Childress v. Darby Lumber, Inc., 357 F.3d 1000 (9th Cir. 2004)

Darby Lumber, Inc. (DLI) operated as a lumber mill and manufactured, marketed, and sold finished lumber. DLI owned 100 percent of the stock of Bob Russell Construction (BRC). During the 12 months prior to BRC’s closure, DLI employed 88 employees, each with more than 1,000 hours of employment with the company, and BRC employed 18 employees with more than 1,000 hours of employment. On September 24, 1998, DLI’s general manager placed a written statement in the paychecks of all DLI employees, advising them that due to the financial difficulties of the company, there would be a “major layoff.” The next day, DLI shut down the mill and laid off all of its employees; the employees of BRC were laid off over the next several months.

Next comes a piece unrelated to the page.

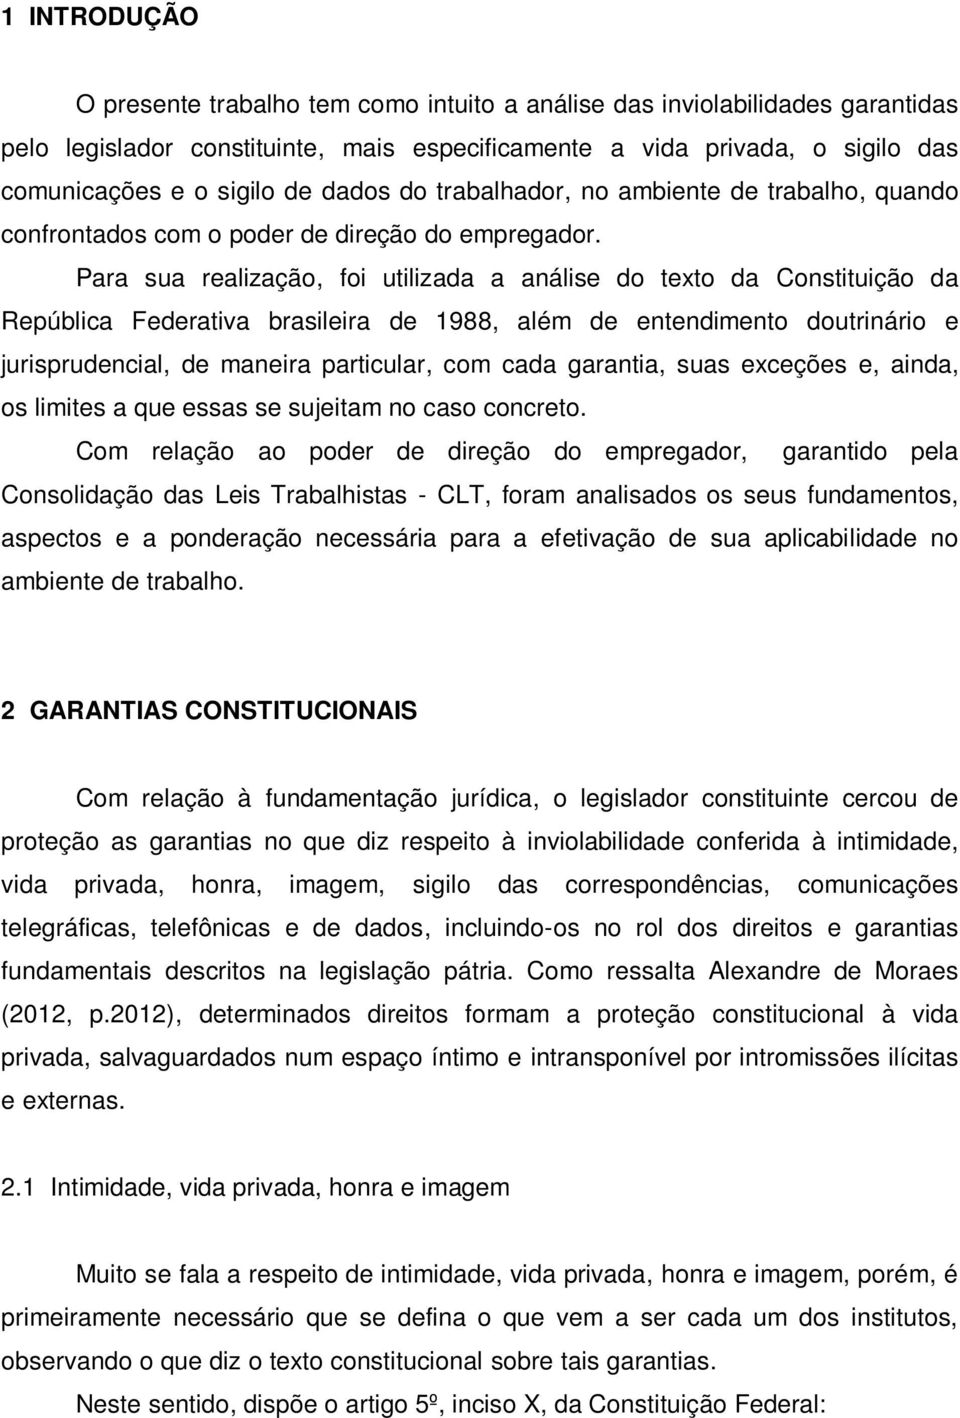 Para sua realização, foi utilizada a análise do texto da Constituição da República Federativa brasileira de 1988, além de entendimento doutrinário e jurisprudencial, de maneira particular, com cada
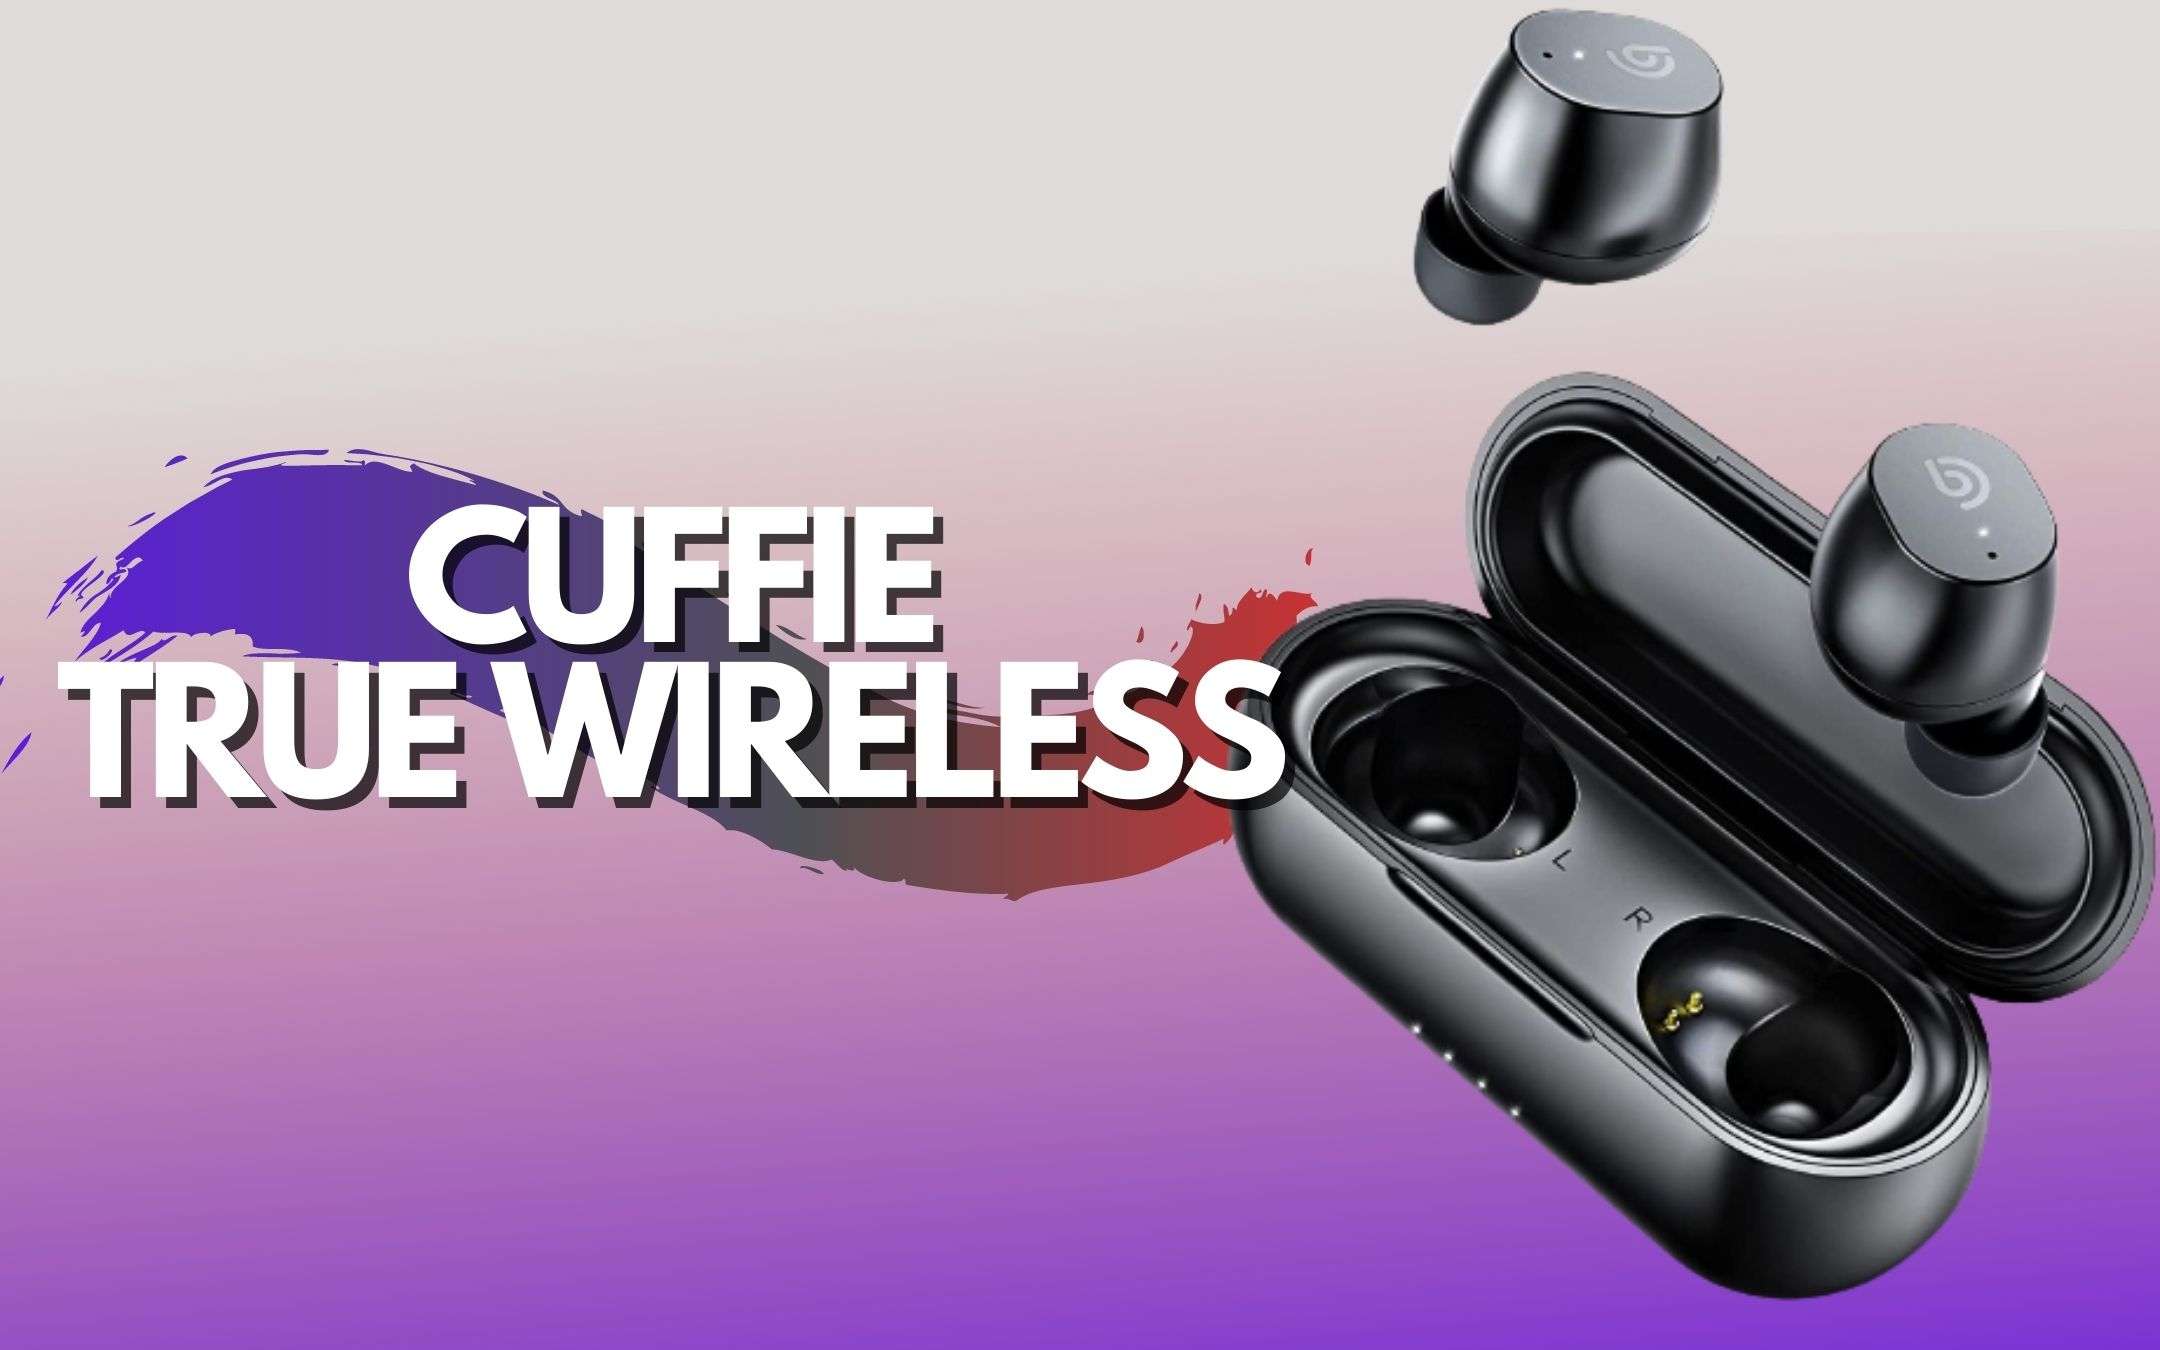 Cuffie true wireless a METÀ PREZZO con coupon

When the former DLI employees filed this lawsuit, alleging a violation of the WARN Act (since fewer than 60 days’ notice of the layoff had been given to them), DLI asserted that the Act did not apply because the company had fewer than 100 full-time employees and in any case one of the statute’s affirmative defenses spared it from liability. The district court granted the employees 60 days of wages in the amount of $60,345.45 and $123,033.44 in attorney’s fees; the Ninth Circuit affirmed, holding that DLI and BRC were a single employer for purposes of the WARN Act since they had common ownership, management, centralized control of labor relations and interrelation of operations. The Court further held that none of the affirmative defenses under the Act (i.e., good faith, business circumstances, faltering company) protected DLI from liability in this case.